Nokia's developer network hacked - draegtun
http://www.bbc.co.uk/news/technology-14706810
======
reemrevnivek
The link to Nokia's statement is broken. The correct link is
<http://www.developer.nokia.com/Community/Discussion/>, which will probably
get taken down soon. It reads:

\------------------------------------------------

You may have seen reports or received an email from us regarding a recent
security breach on this developer.nokia.com/community discussion forum.

During our ongoing investigation of the incident we have discovered that a
database table containing developer forum members' email addresses has been
accessed, by exploiting a vulnerability in the bulletin board software that
allowed an SQL Injection attack. Initially we believed that only a small
number of these forum member records had been accessed, but further
investigation has identified that the number is significantly larger.

The database table records includes members’ email addresses and, for fewer
than 7% who chose to include them in their public profile, either birth dates,
homepage URL or usernames for AIM, ICQ, MSN, Skype or Yahoo. However, they do
not contain sensitive information such as passwords or credit card details and
so we do not believe the security of forum members’ accounts is at risk. Other
Nokia accounts are not affected.

We are not aware of any misuse of the accessed data, but we are communicating
with affected forum members, though we believe the only potential impact to
them may be unsolicited email. Nokia apologizes for this incident.

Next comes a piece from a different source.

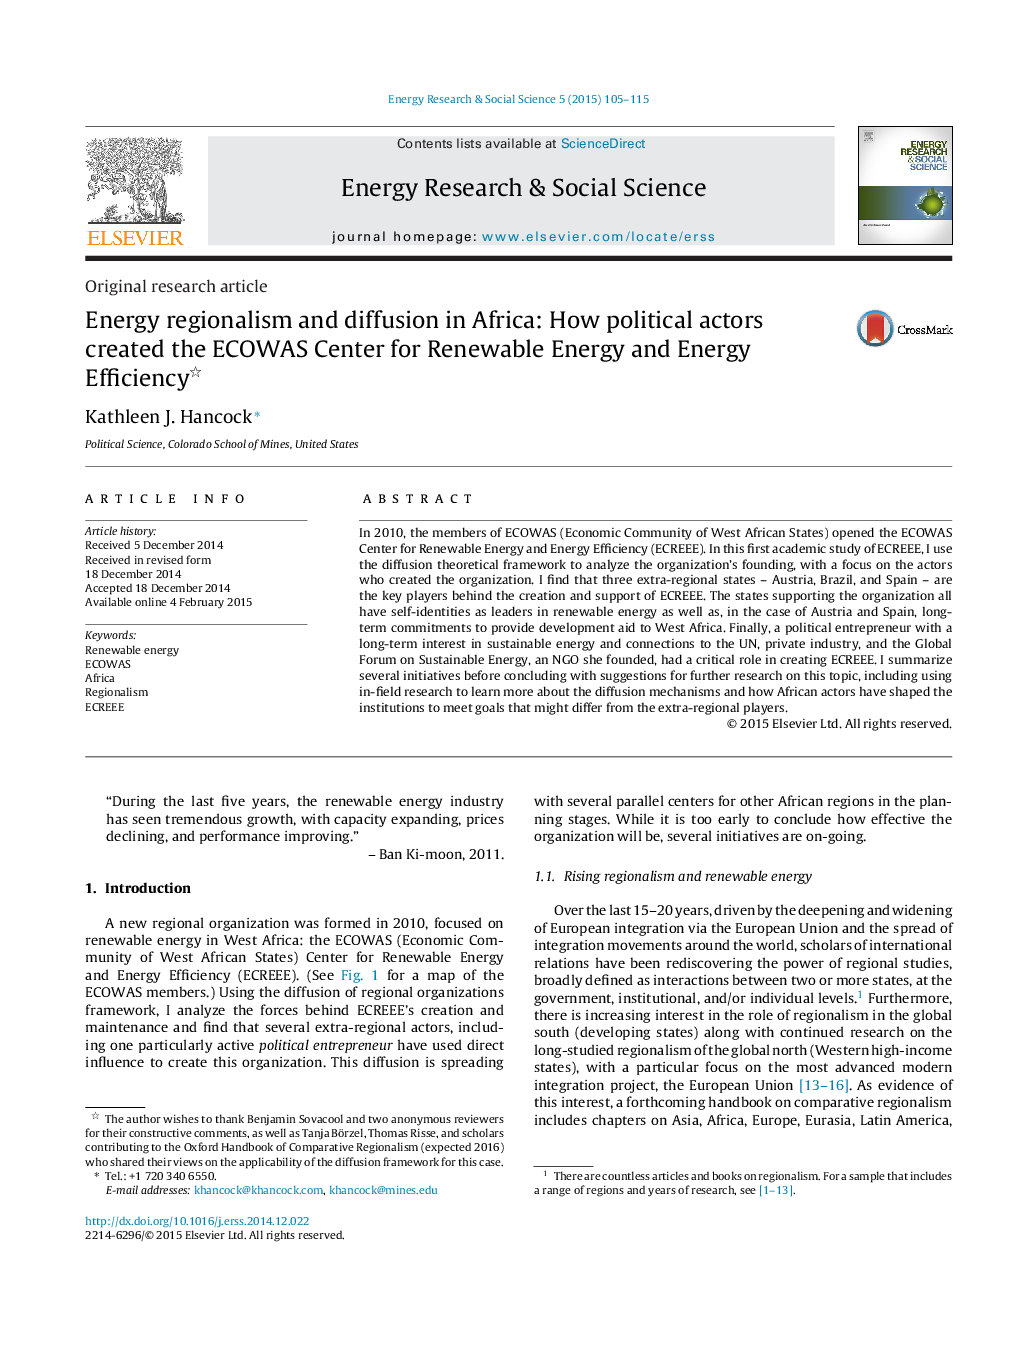 Energy regionalism and diffusion in Africa: How political actors created the ECOWAS Center for Renewable Energy and Energy Efficiency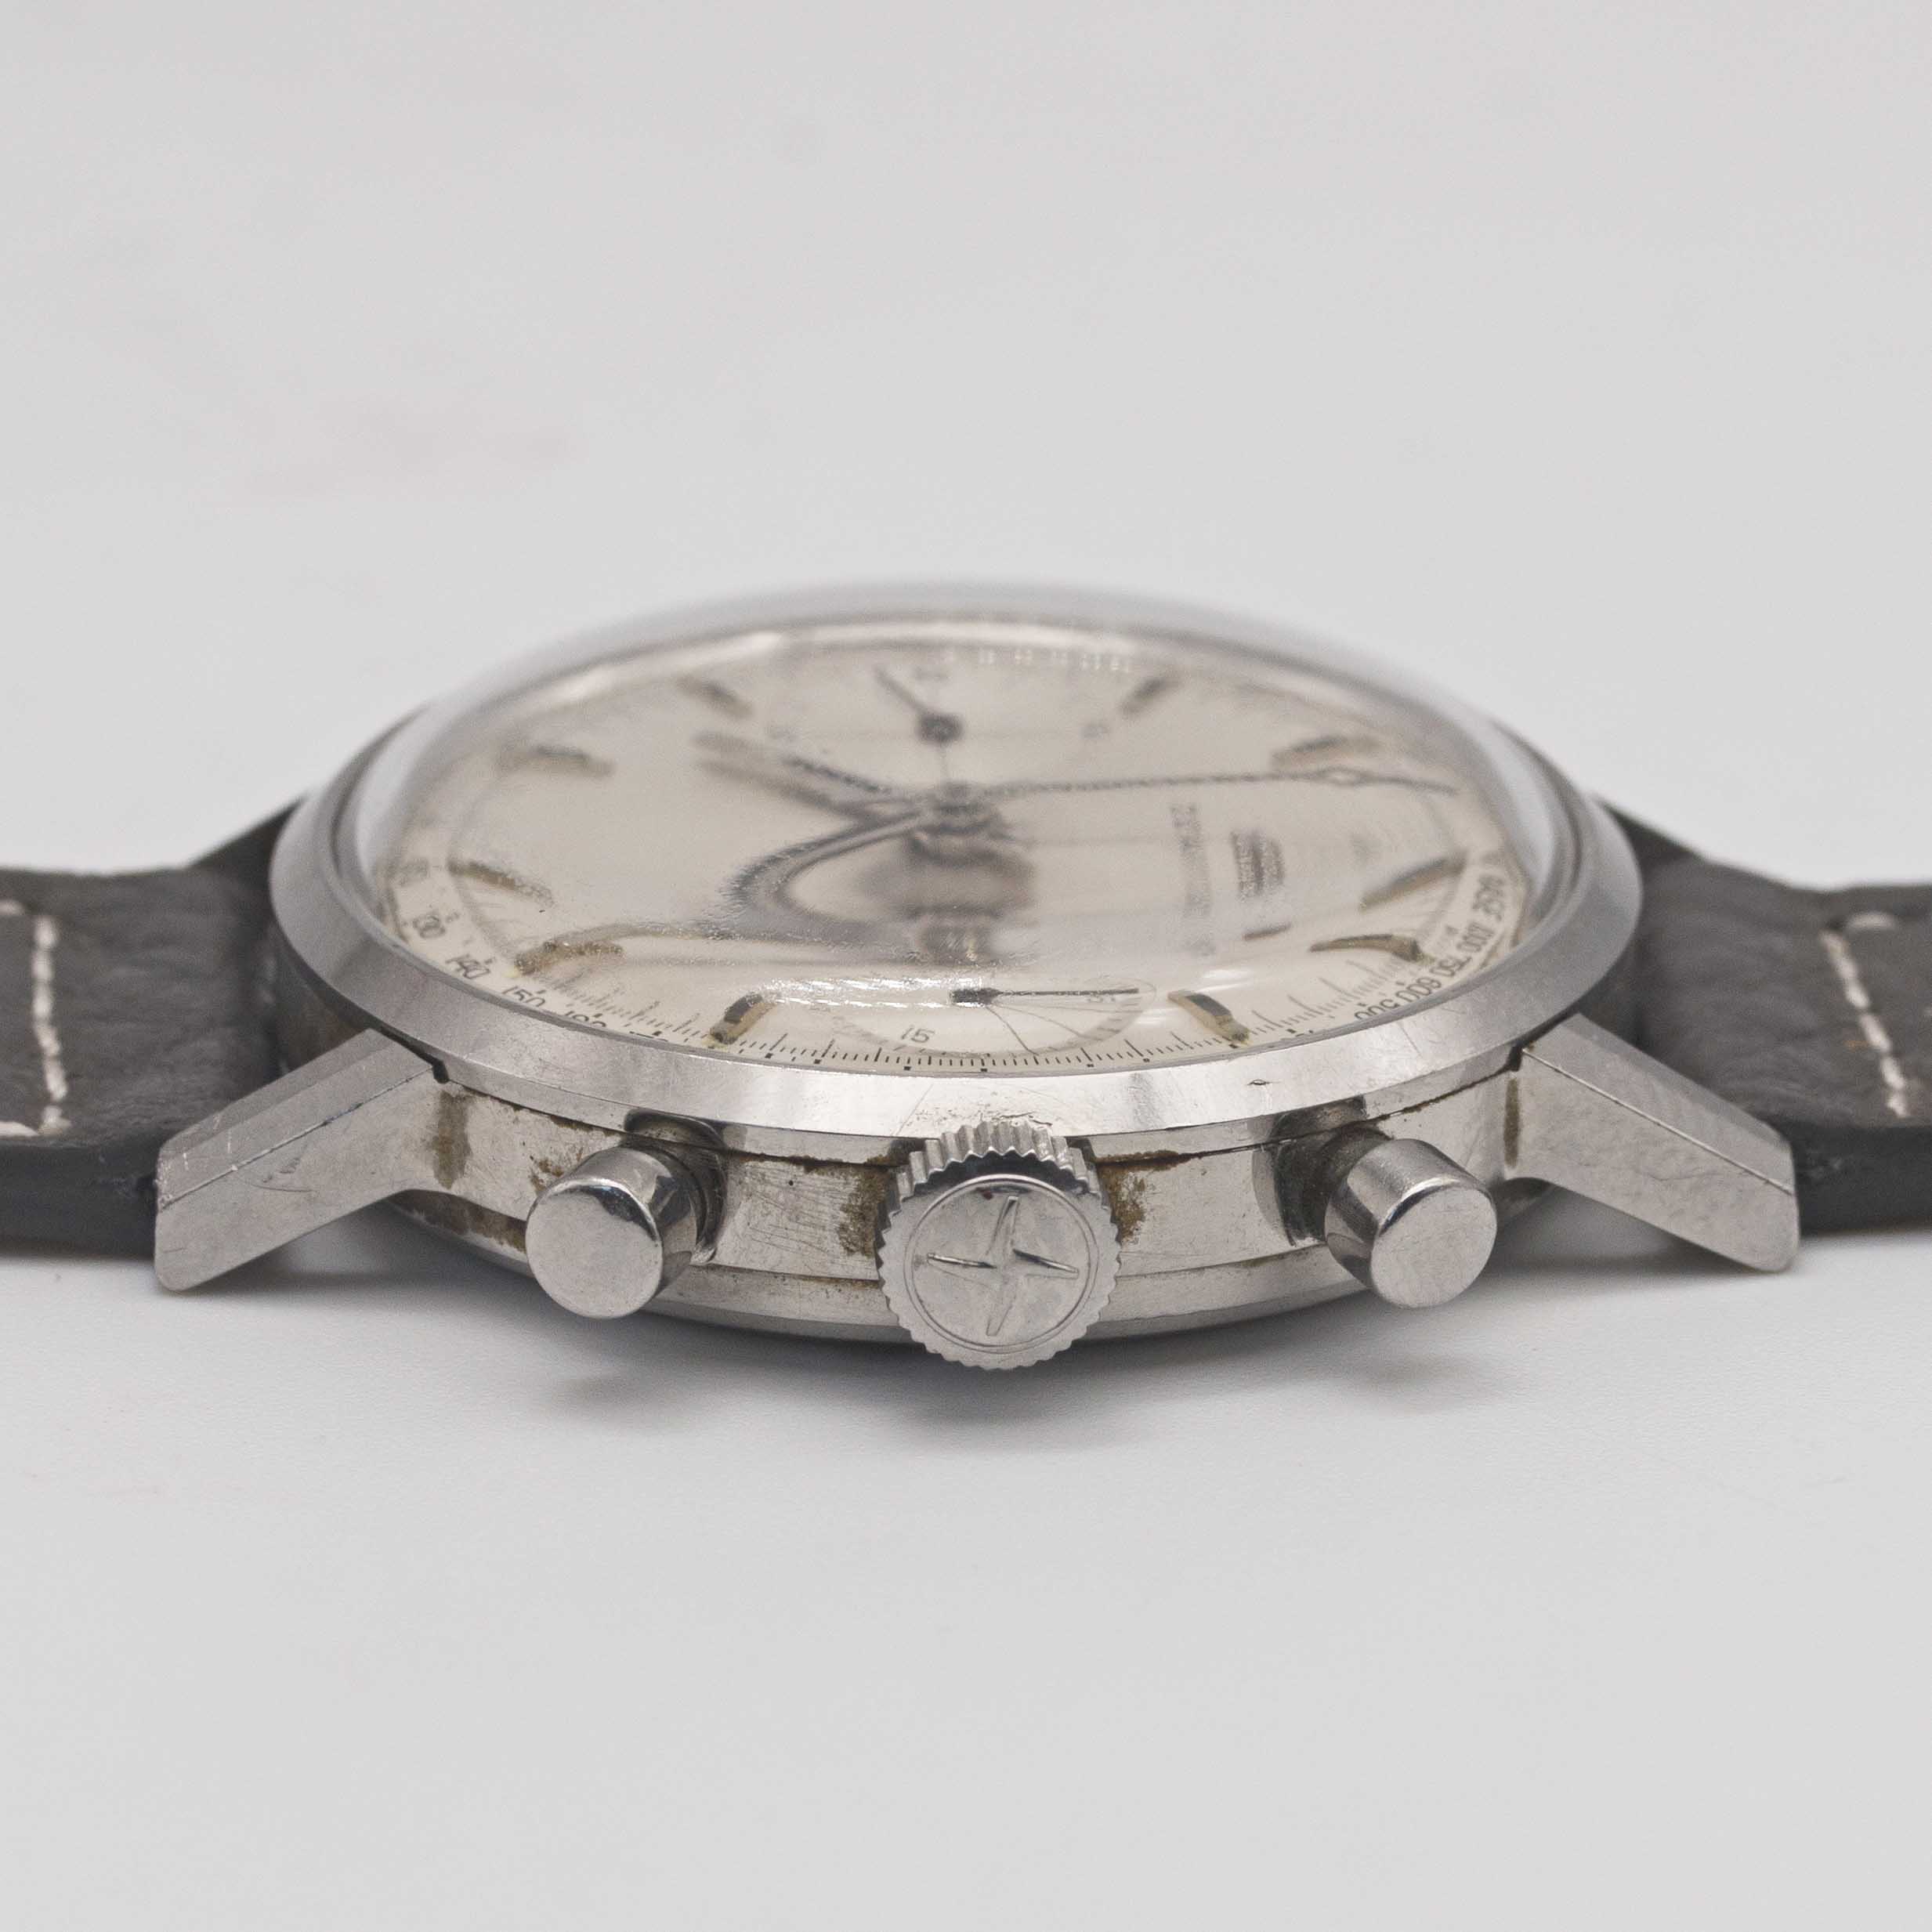 A GENTLEMAN'S STAINLESS STEEL ZENITH CHRONOGRAPH WRIST WATCH CIRCA 1960s, REF. A271  Movement: - Image 8 of 9

Though the initial vulnerability was addressed immediately, we have now taken
the developer community website offline as a precautionary measure, while we
conduct further investigations and security assessments. We hope to get the
site back online as soon as possible and will post developments here in the
meantime.

If you have any questions on this, please contact Nokia.developer-discussions-
support@nokia.com.

The Nokia Developer website team.

\------------------------------------------------